La justice examine en appel lundi à Toulouse une plainte de l'organisation d'extrême-droite Agrif, qui accuse de racisme anti-blanc la militante antiraciste Houria Bouteldja

Par Michel Pech

Déjà relaxée en janvier au grand regret de Bernard Antony

Le tribunal correctionnel de Toulouse avait relaxé en janvier dernier Houria Bouteldja qui était poursuivie pour "injure raciale". La porte-parole du Parti des indigènes de la République avait été assignée en justice par l'Agrif (Alliance générale contre le racisme et pour le respect de l'identité française et chrétienne) après avoir employé en 2007, lors d'une émission télévisée, le terme "souchiens" pour désigner les Français "de souche".
A l'énoncé du délibéré, Bernard Antony, président de l'Agrif, ancien conseiller régional de Midi-Pyrénées et ancien député européen Front national, s'est dit "attristé mais pas abattu" et avait annoncé qu'il allait faire appel de la décision. 
"Une désinformation médiatique consistant à assimiler l'Agrif au groupuscule provocateur du Bloc identitaire a aussi joué contre nous", a déclaré  Bernard Antony.

"Souchiens = français de souche et non pas "sous-chiens"

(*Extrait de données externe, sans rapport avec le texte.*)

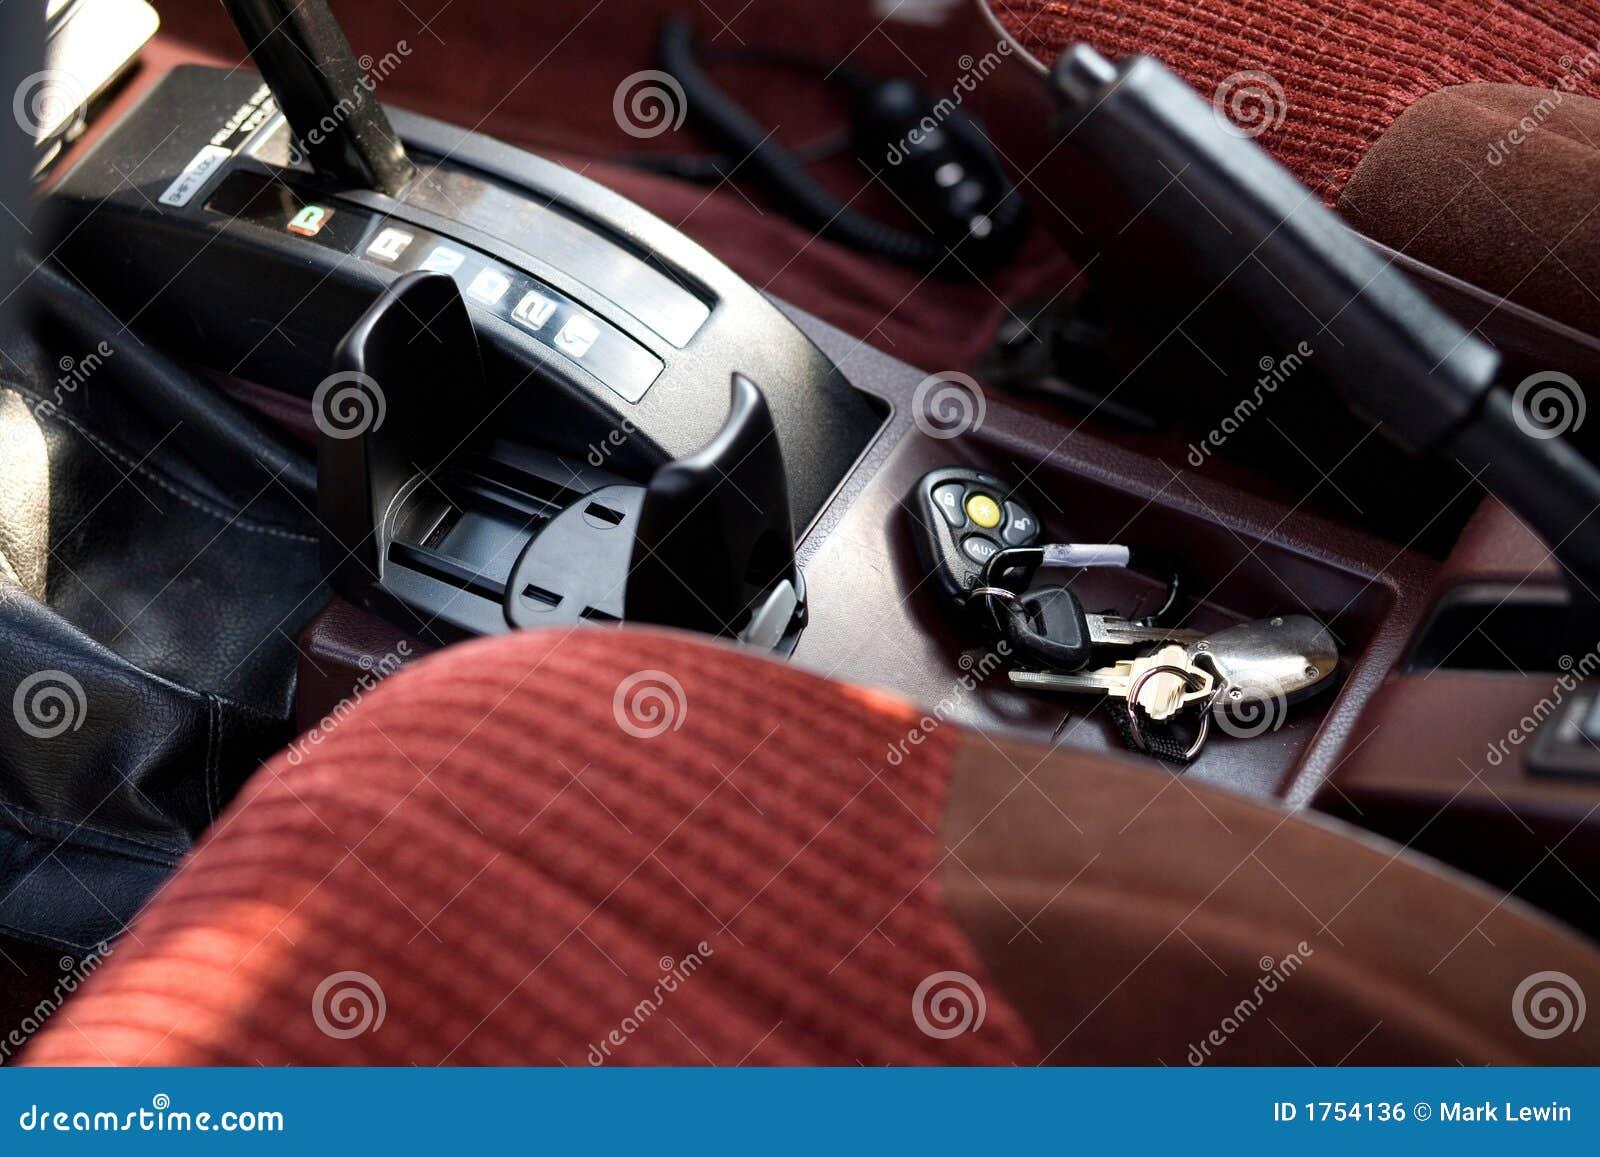 Auto-Innenraum mit den Tasten vergessen

De son côté, Me Henri Braun, conseil d'Houria Bouteldja, a estimé qu'il serait "intéressant de connaître les motivations de cette relaxe sur le fond" dont a bénéficié sa cliente. "Le bon sens a triomphé et la justice a refusé de se faire instrumentaliser par l'extrême droite néo-colonialiste", a-t-il déclaré.
Houria Bouteldja elle-même ne s'est pas dit très étonnée par cette relaxe. "J'étais assez sereine, il aurait été grotesque que l'on juge l'expression 'souchiens' raciste. Comme je l'ai répété durant le procès, c'est un néologisme formé sur le mot souche que j'ai utilisé pour critiquer l'expression Français 'de souche' et en aucun cas il ne s'agit d'un jeu de mots", a réagi Houria Bouteldja.
Le 21 juin 2007, lors de l'émission "Ce soir ou jamais" sur France 3, Houria Bouteldja avait utilisé le néologisme "souchiens" pour désigner les Français "de souche", les "blancs". A la suite de ses déclarations qui avaient été vivement critiquées à l'époque par l'hebdomadaire Marianne, le philosophe Alain Finkielkraut ou encore Brice Hortefeux, alors ministre de l'Immigration et de l'Identité nationale, l'Agrif avait déposé une première plainte qui n'avait pas été suivie par le parquet.
L'association avait déposé une nouvelle plainte avec constitution de partie civile en février 2008.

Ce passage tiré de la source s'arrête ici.